▶ **WHAT YOU HAVE TO DO**
In the entries below, repeat only the lines between those holding "Ramipril-comp PUREN 2,5 mg/12,5 mg" and "Croc 2 - Sony Playstation - Artwork - Disc", inclusive. Leave pictures out.

▶ **DATASET RECORDS**
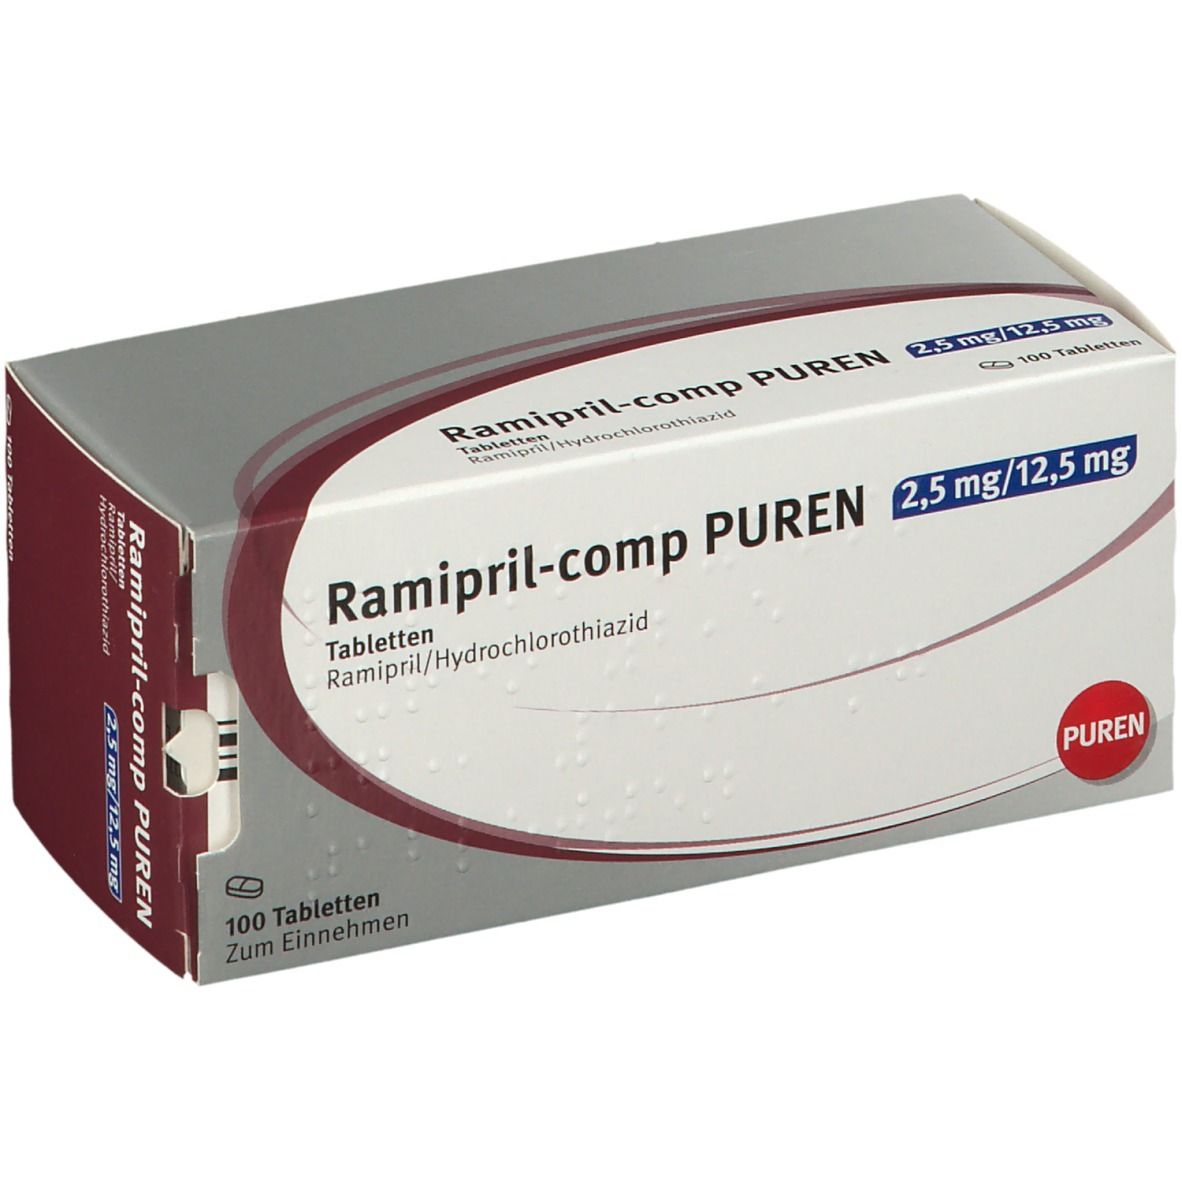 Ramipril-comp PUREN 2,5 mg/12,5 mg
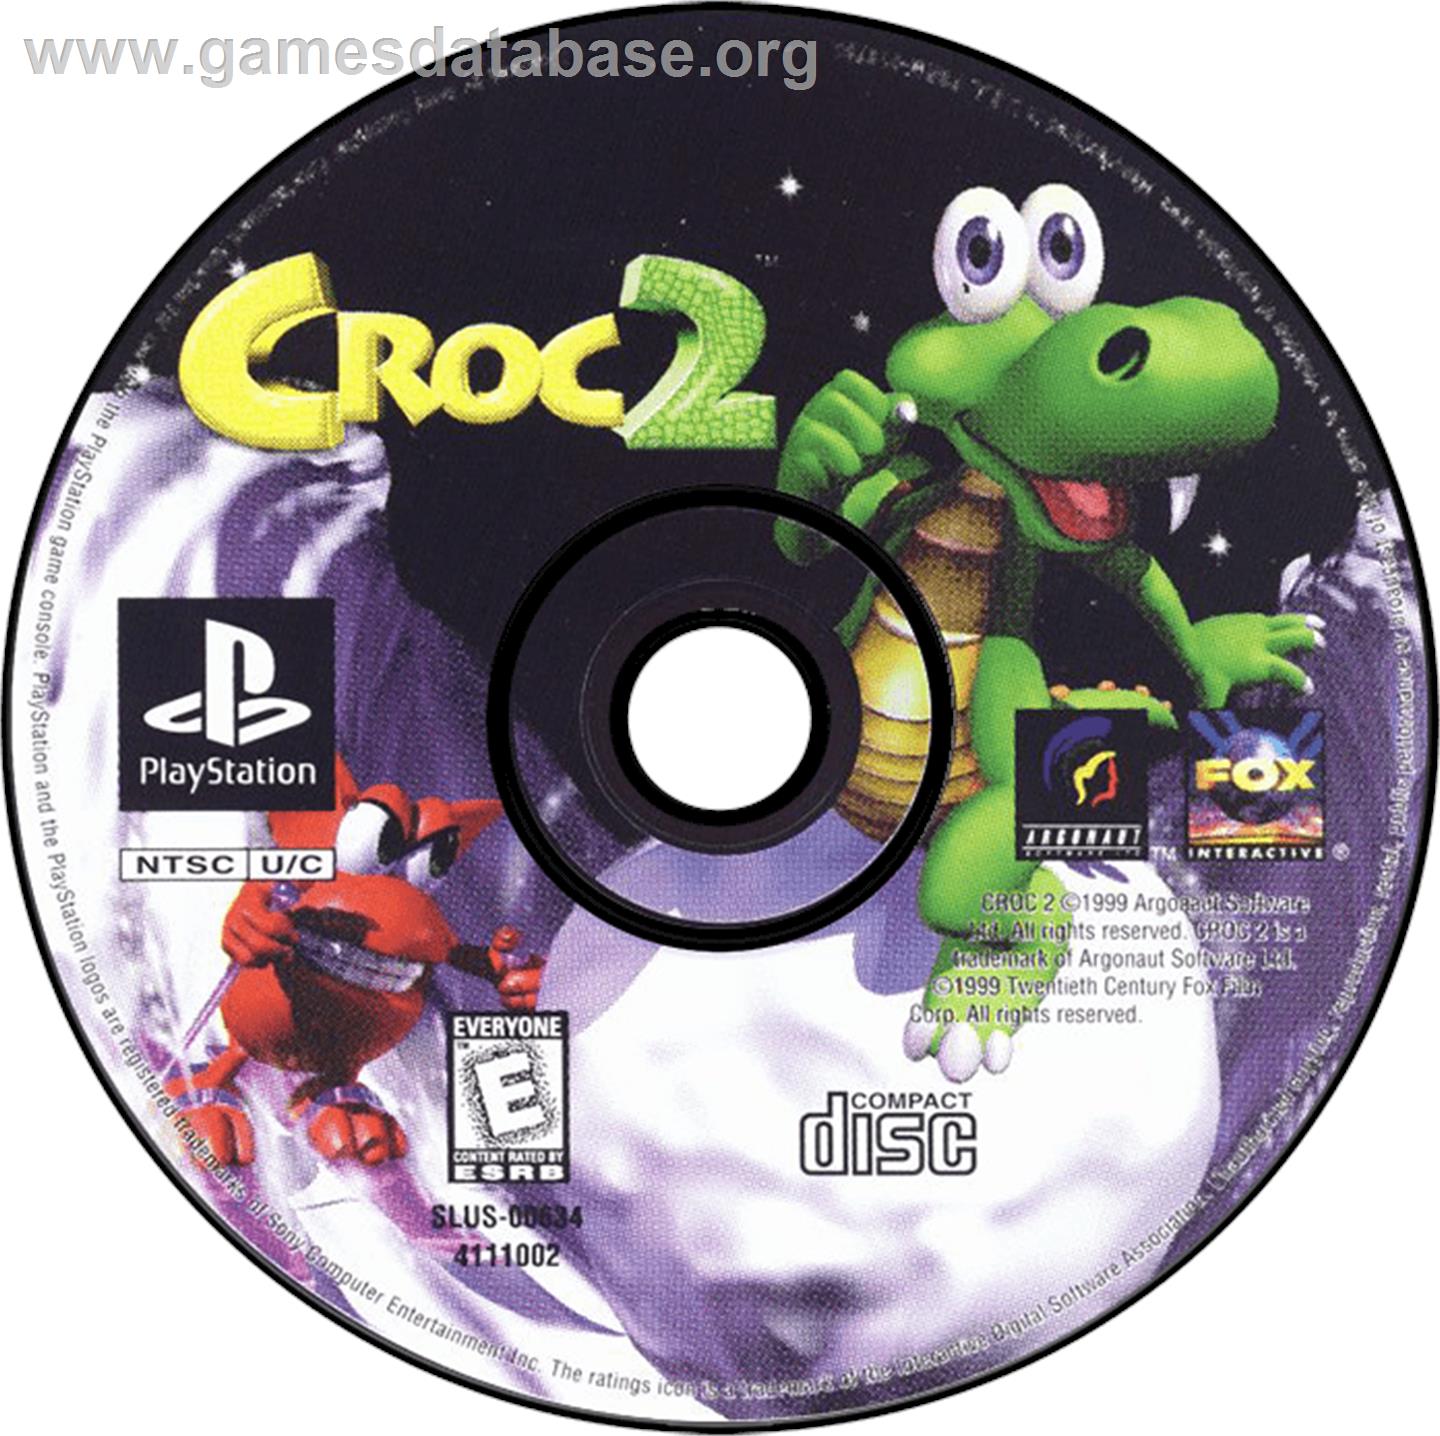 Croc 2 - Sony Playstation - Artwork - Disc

--

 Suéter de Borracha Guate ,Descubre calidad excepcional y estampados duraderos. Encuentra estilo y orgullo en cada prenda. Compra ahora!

▶ **EXERCISE RESULT**
 Ramipril-comp PUREN 2,5 mg/12,5 mg
 Croc 2 - Sony Playstation - Artwork - Disc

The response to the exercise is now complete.